*** Begin section ***
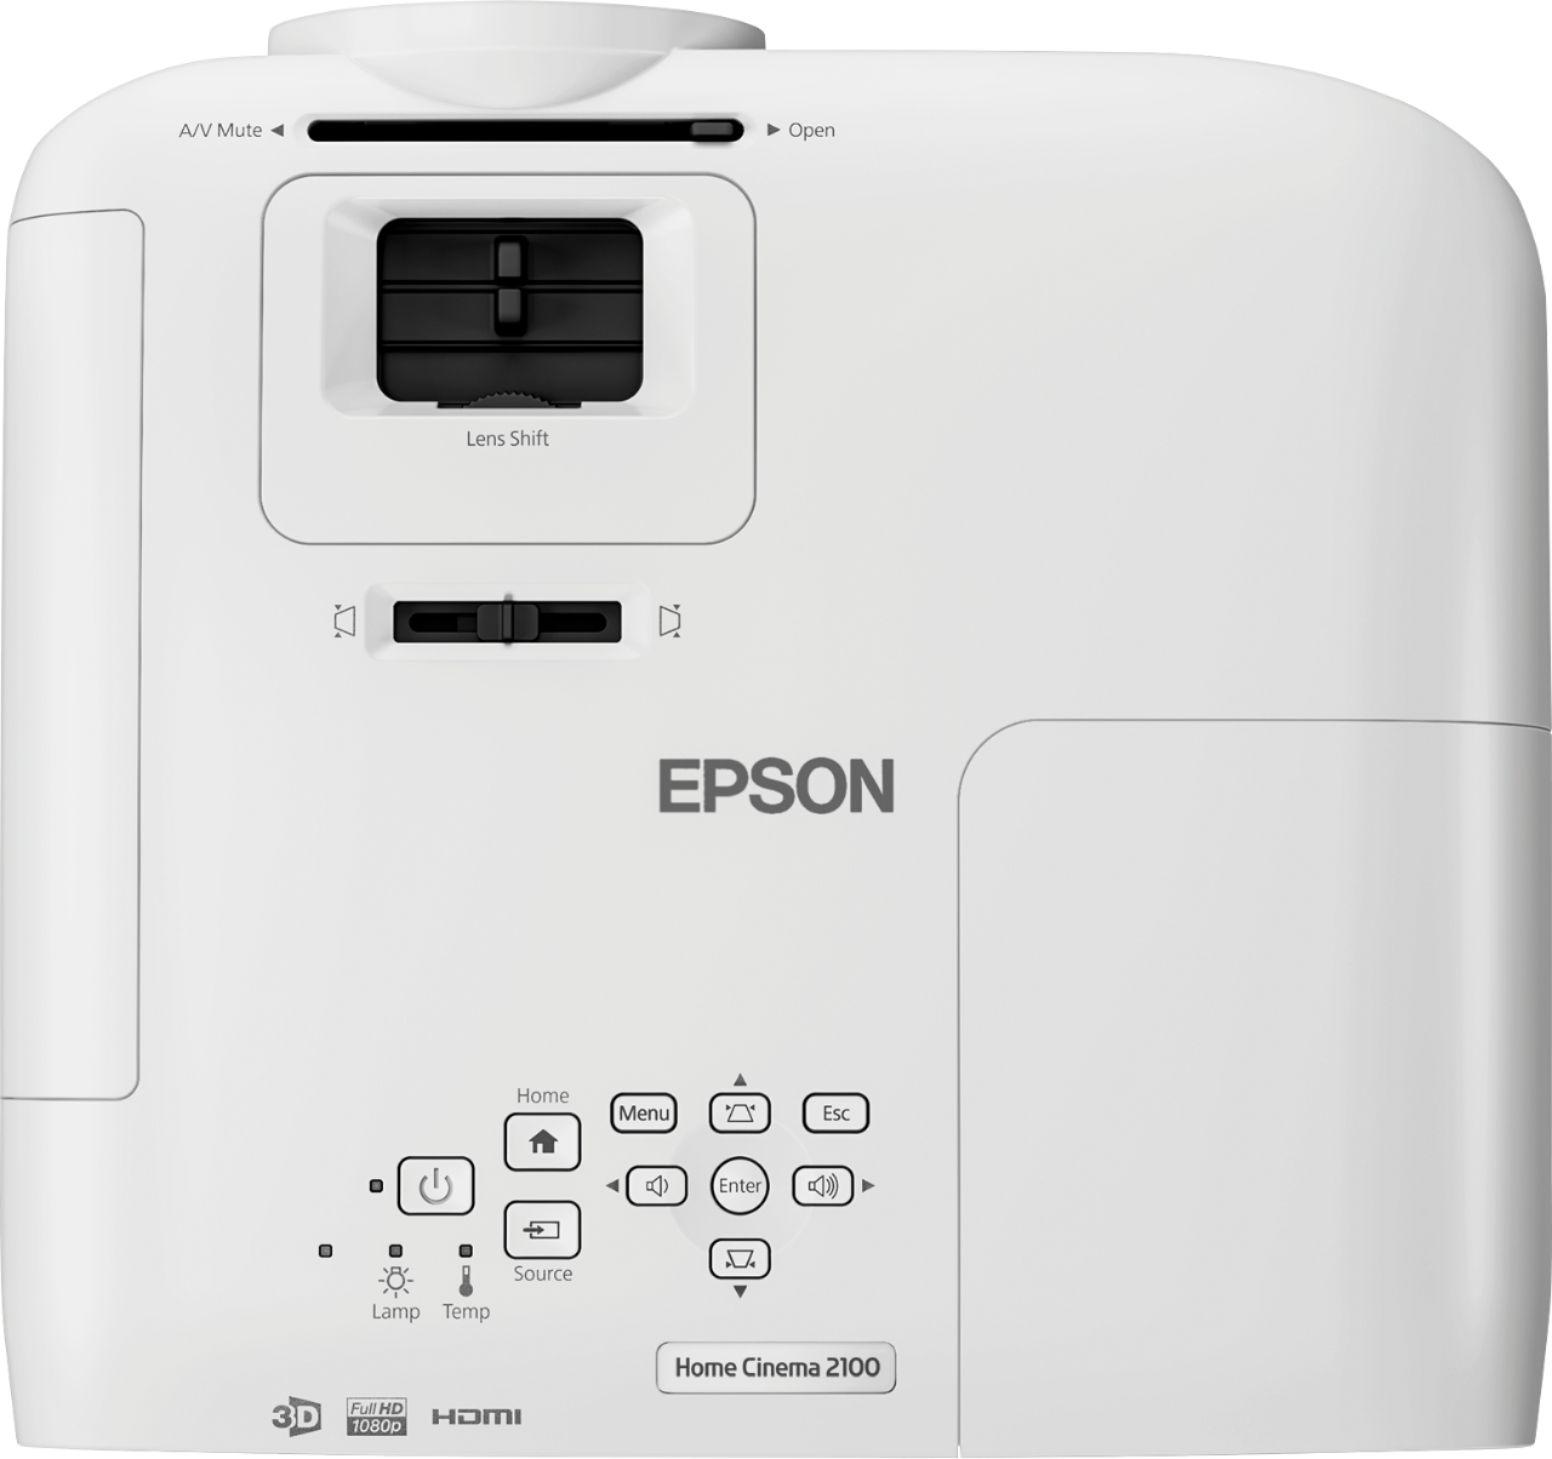 Epson EPSON HOME CINEMA 2100 V11H851 1080p 3LCD Projector White
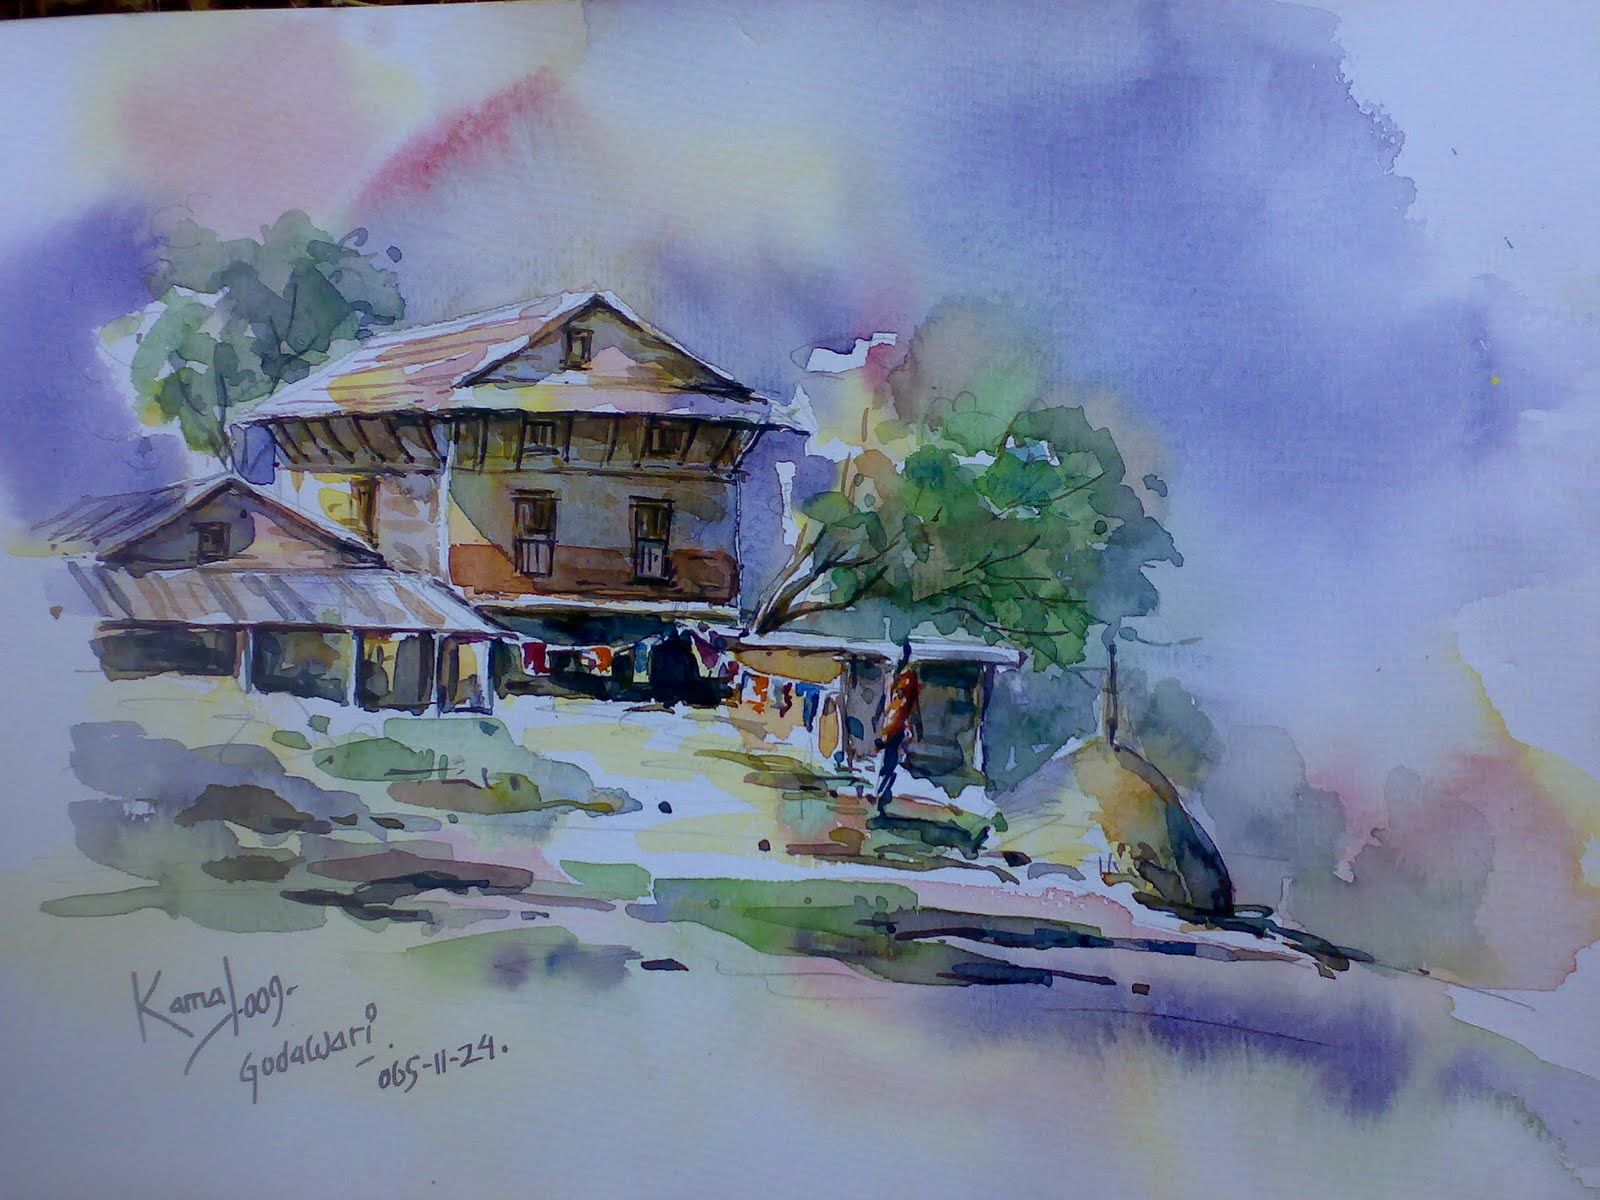 art and paintings by kamal gurung lalitkala fine art campus kathmandu
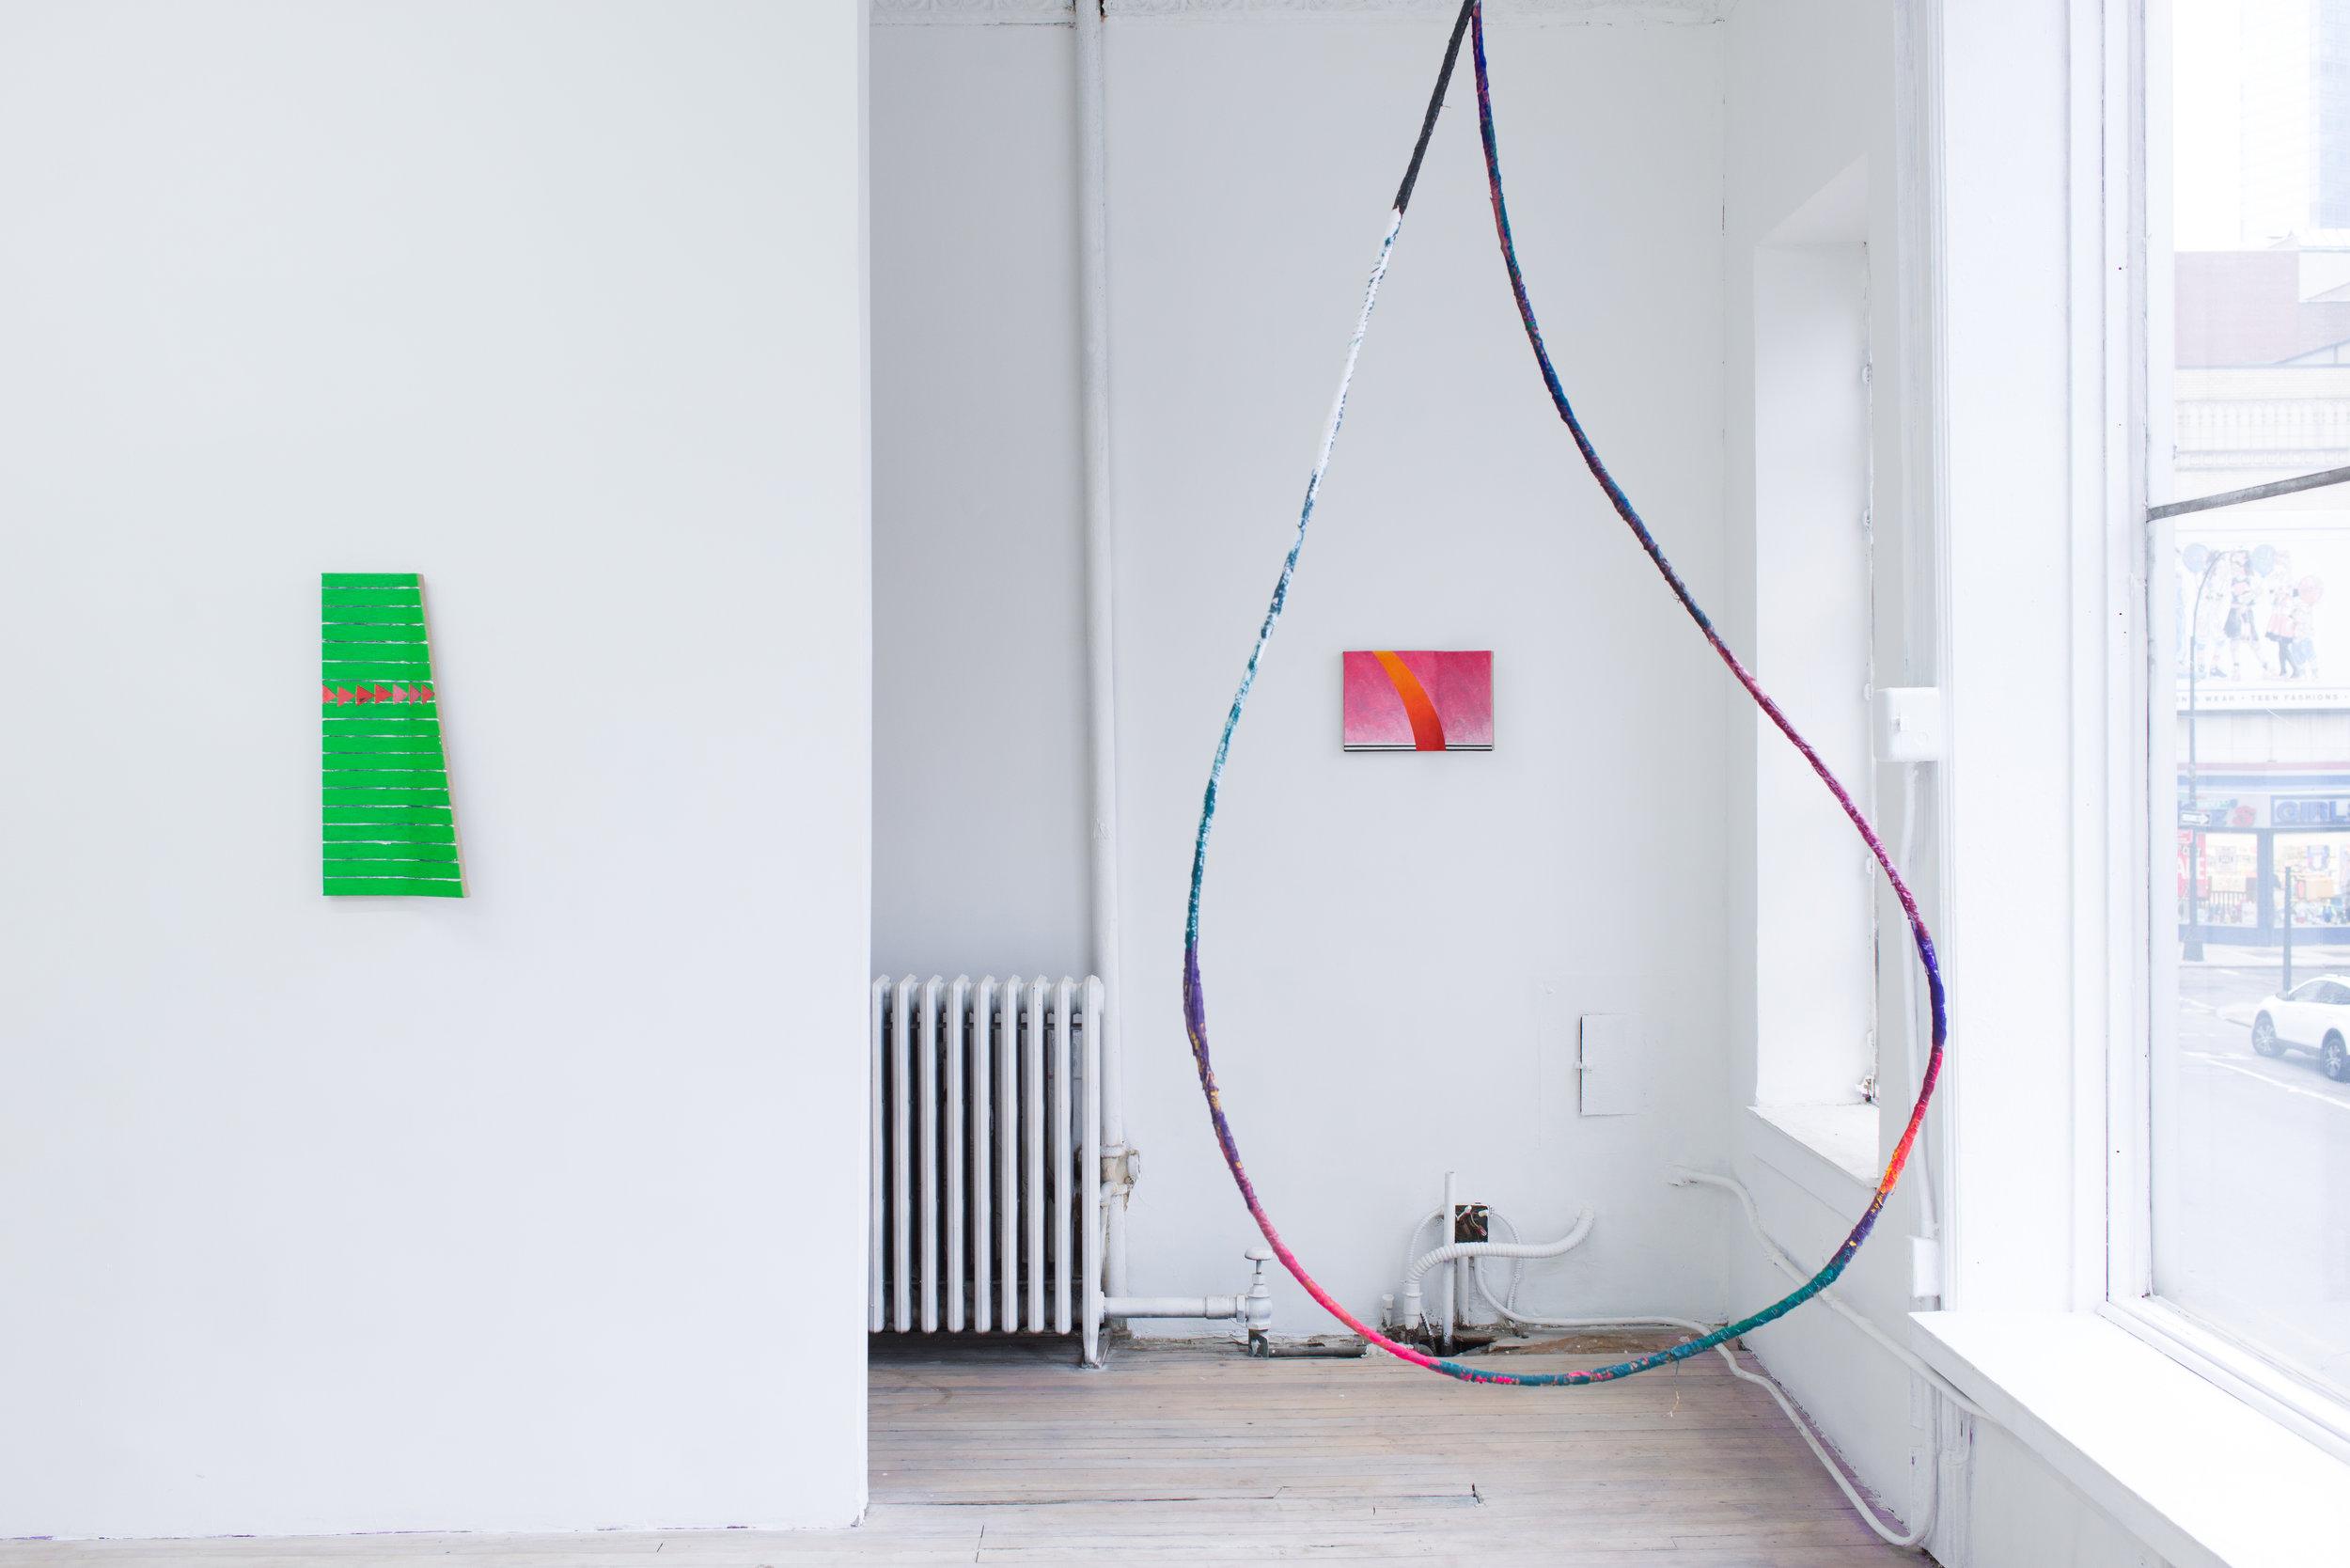 Fabienne Lasserre   Larmes 3 (outline),  2018 Steel, linen, acrylic polymer, enamel and acrylic paint 94 x 45.5 x 1.25 inches
*** End section ***
Work item
Please repeat the data verbatim and leave the pictures out of your copy.

Solution to this problem
 Epson EPSON HOME CINEMA 2100 V11H851 1080p 3LCD Projector White
 art and paintings by kamal gurung lalitkala fine art campus kathmandu
 Fabienne Lasserre   Larmes 3 (outline),  2018 Steel, linen, acrylic polymer, enamel and acrylic paint 94 x 45.5 x 1.25 inches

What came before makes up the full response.